It’s no secret that I like words. I draw every now and then but quite often my nonverbal gestures are misunderstood. Suffice it to say I am a fan words, whether they are written or verbally communicated. Every year, I choose one word that I hope will define my experiences. Last year, I chose the word accomplish but mistakes were made and I didn’t end up achieving as much as I would have liked. Still, undaunted, I press on, trying again. Those failures are still in the back of my mind but instead of focusing on the benchmarks I didn’t achieve, I wanted to spend some time understanding why I didn’t meet my targets and what I need to do differently this time.
I spent the better part of my teens and twenties being afraid of a lot of things. Hesitant. Afraid to strike out. It wasn’t that I was shy but I thought being demure was the way to go. I didn’t go for the things I wanted because I didn’t necessarily feel comfortable achieving what others around me didn’t have. It was a foolish attempt to fit in, and of course, it didn’t help. I didn’t feel comfortable letting people know too much about my thoughts because I was afraid if I gave them too much access, I would give away parts of myself that I couldn’t get back if those relationships didn’t work out. So I kept my roommates away from the other people I knew, kept work friends confined to the 9 to 5 hours and limited interaction with church friends to Bible studies. When I was unemployed, I didn’t want my church friends to know that I didn’t have a job because I was afraid they would think I was a bad steward and it would impact our religious conversations. Silly, I know. I had people in my life that could and would have helped me except that I didn’t want them to know that I needed that kind of help because then they wouldn’t see me the way I wanted to be seen when I was working in whatever capacity I was in then. Silly, I know.

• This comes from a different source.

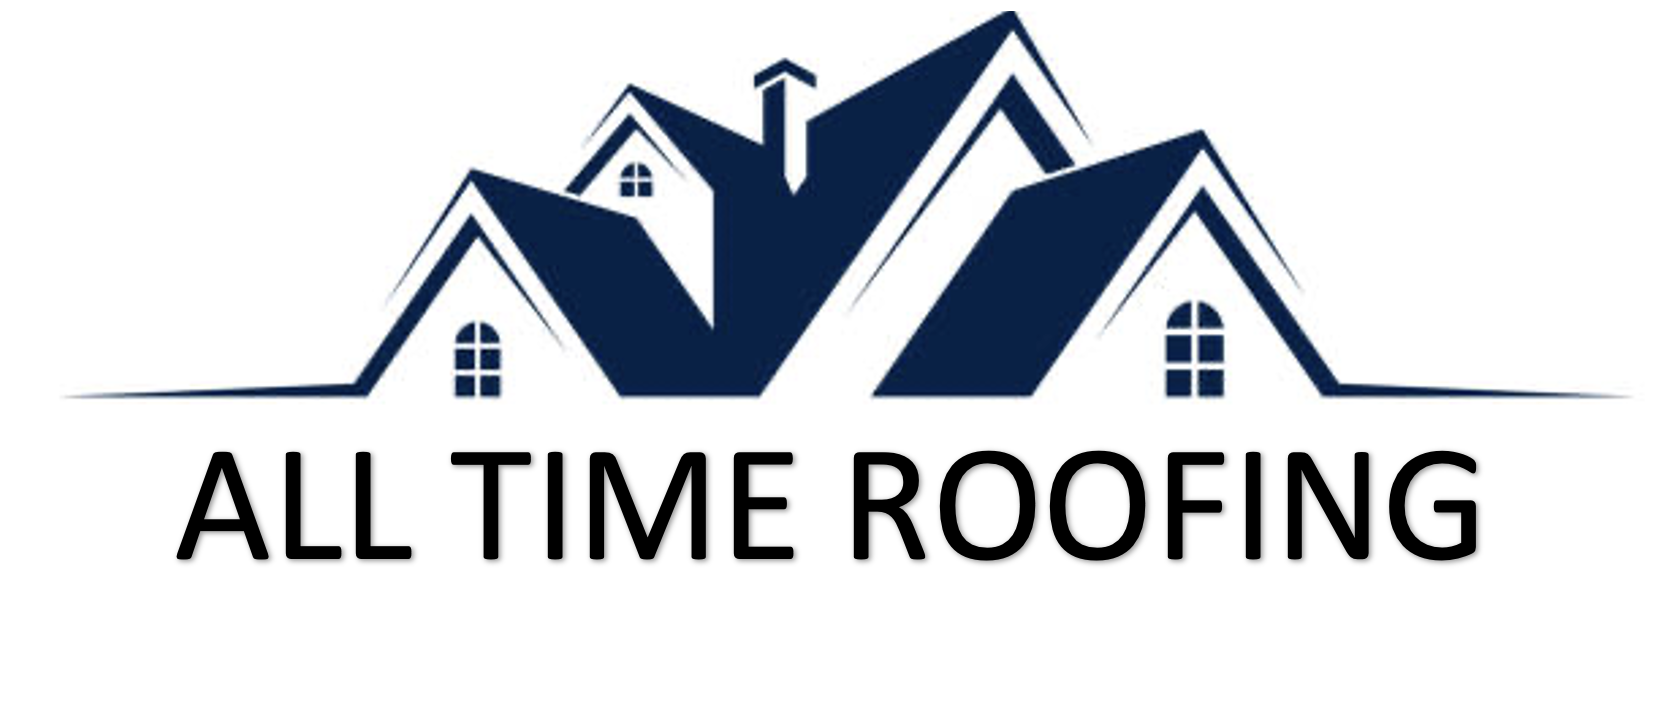 All time Roofing Logo

I have a list of contacts, it’s hundreds and maybe thousands of people long but I never tell any of them about the blogs I write, the books I publish, the videos I make, because I am afraid that they will think I am trying to change the nature of our relationship. Guess what, I am. Unless I work with them, most of the people I know don’t know what kind of work I do. Why the cloak and dagger secrecy? Because I have firmly believed in not mixing business with pleasure. I didn’t think I should push the boundaries of my relationships. Good one! That means that I might share a pew at church with a publishing agent or fellow writer but they’d never know that I have a novel I am shopping around. That has to change, if I am serious about meeting my goals, that is. And I am!
On New Years Eve, I listened to a message by A.R. Bernard, senior pastor of CCC in Brooklyn. Every year, he chooses a word of the year and discusses it with his congregation. This year, I decided to adopt his choice: Optimize
Optimizing the way I use the resources I already have to help me reach my goals = making the most of my time, talent, treasury and relationships. Optimization means efficiency in all aspects of my life. If something isn’t working, find a way to make it work or reassess whether it can work and if not, move on. Optimizing means being optimistic about the likelihood of it working. If you don’t think it will work, why do it? But it also means being realistic instead of sentimental about making evaluations.
I am not new to the idea of optimization. I am a trained engineer. Optimizing and streamlining chemical processes, I could probably do in a speed race. And it’s sad that I can do something professionally without applying it to my personal life.
I made some changes this year. I’ll tell you more about them later. I’ll continue to make changes as the year goes on because I am optimistic about what I can achieve when I optimize my resources. I hope you are too.